RCodingAgent: End-to-End Integration and Downstream Impact
The RCodingAgent, an R-specialized LLM agent, is equipped with DARE for iterative statistical tool retrieval, code generation, and execution-based validation. The agent is evaluated on a suite of 16 R-based statistical analysis tasks, spanning domains such as hypothesis testing, ICA, survival analysis, and mixed-effects modeling. Integration of DARE yields transformative improvements: on execution-grounded benchmarks, agent success rates increase up to 56.25%, with the most pronounced impact observed for models such as grok-4.1-fast (18.75% → 75.00%), gpt-5.2 (25.00% → 62.50%) and minimax-m2.1 (12.50% → 68.75%). Without DARE, agents frequently fail to select appropriate R functions, hallucinate names, or revert to heuristic implementations, leading to execution failures and incorrect outputs.
Practical and Theoretical Implications
DARE sets a new paradigm for retrieval-augmented LLM agents in data science, particularly for ecosystems with rich, distribution-sensitive tool landscapes like R. The model demonstrates that conditioning on structured data context enables fine-grained discrimination among semantically similar but statistically incompatible functions, substantially reducing failure modes in LLM-driven code synthesis. Its lightweight, plug-and-play design and open-sourced knowledge base (RPKB) position DARE as an enabler for scalable, robust agentic workflows in scientific and industrial computing.
Practically, DARE unlocks decades of accumulated statistical expertise for automated analysis pipelines, supporting use cases in genomics, econometrics, ecology, and clinical research, where R solutions remain the gold standard. Theoretically, the work highlights the inadequacy of general-purpose embedding models for specialized analytical tasks and demonstrates the value of distribution-dependent representation learning for tool selection.
Future Directions
Key directions include expanding RPKB through community engagement, constructing large-scale R-centric corpora to enhance native LLM statistical proficiency, and advancing structured tool learning strategies (e.g., function-level reasoning graphs, memory-based tool selection).

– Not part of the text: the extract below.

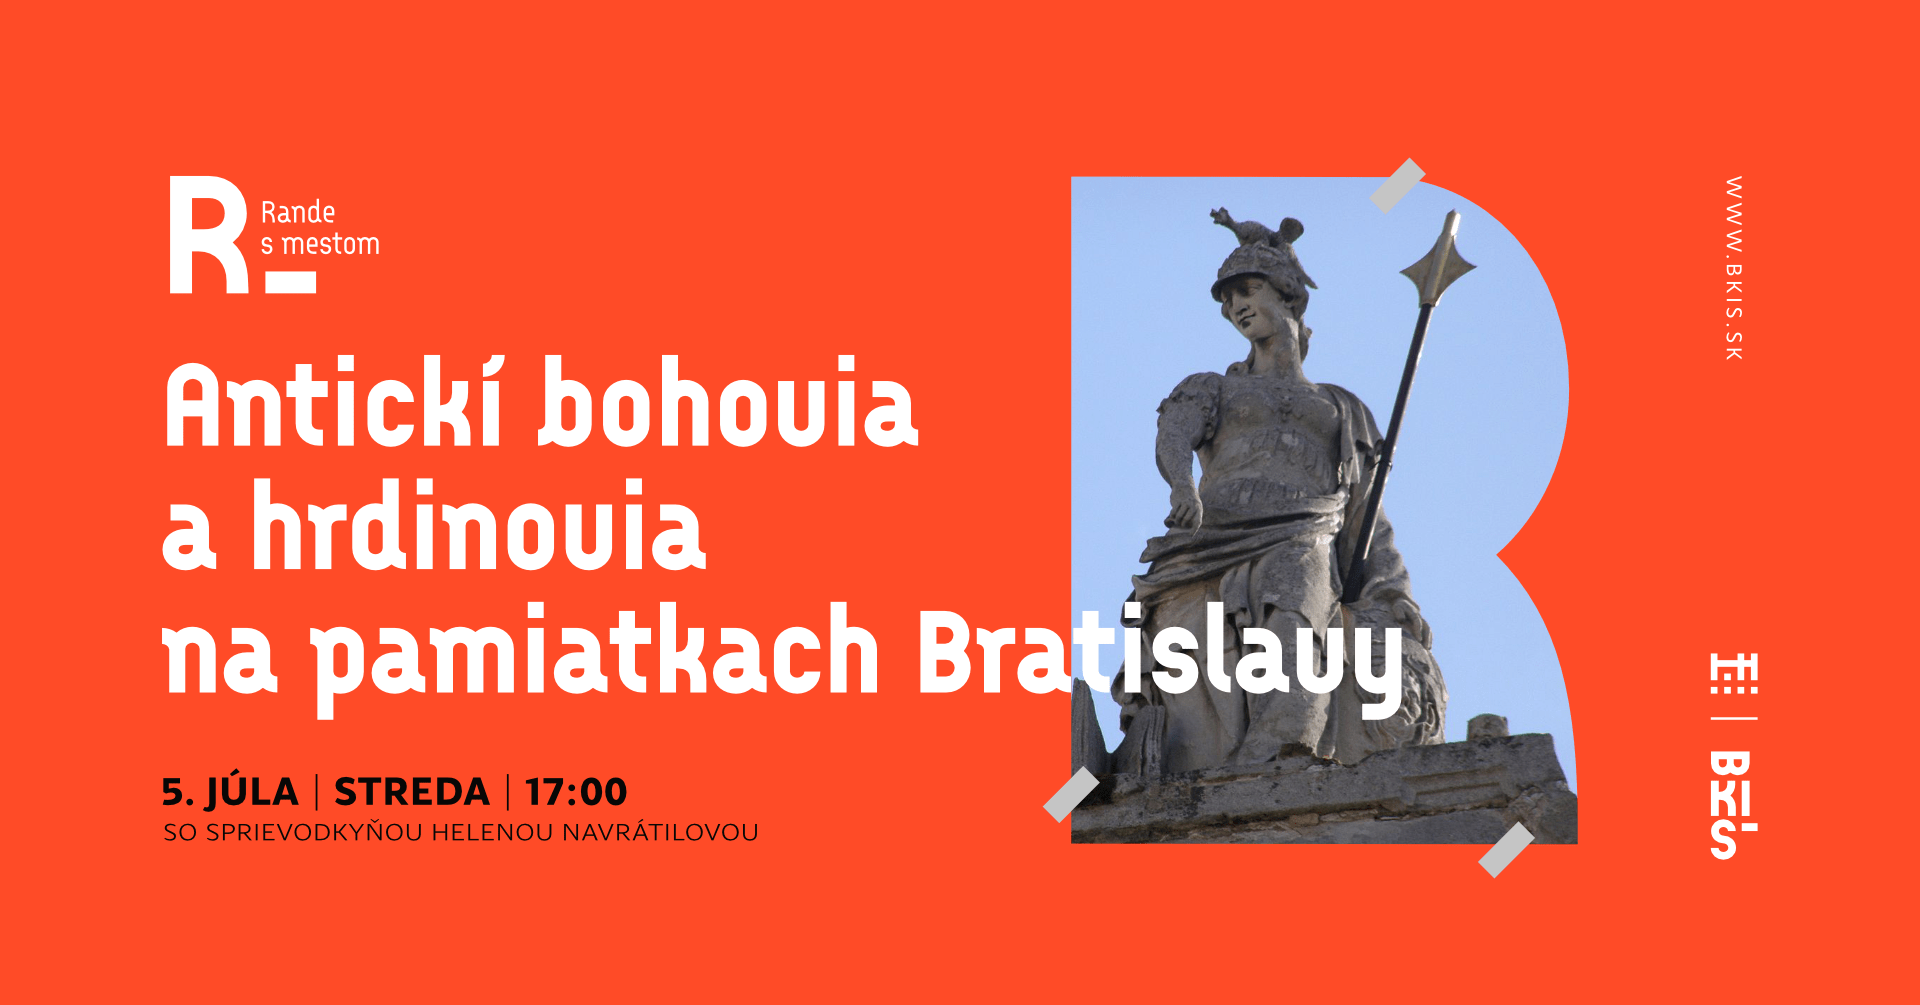 Rande s mestom: Antickí bohovia a hrdinovia na pamiatkach Bratislavy

Integration of RCodingAgent into modular mixture-of-experts frameworks is also proposed, to scale analytical coverage across languages and domains.
Conclusion
DARE represents a significant advance in aligning LLM-based agents with the R statistical ecosystem through distribution-aware retrieval. Its empirical superiority, efficiency, and practical effectiveness in downstream R workflows underscore the necessity of embedding domain-specific statistical logic into retrieval and agentic systems. Future efforts are expected to further bridge the automation gap in statistical computing, fostering more reliable, context-sensitive agentic data science solutions (2603.04743).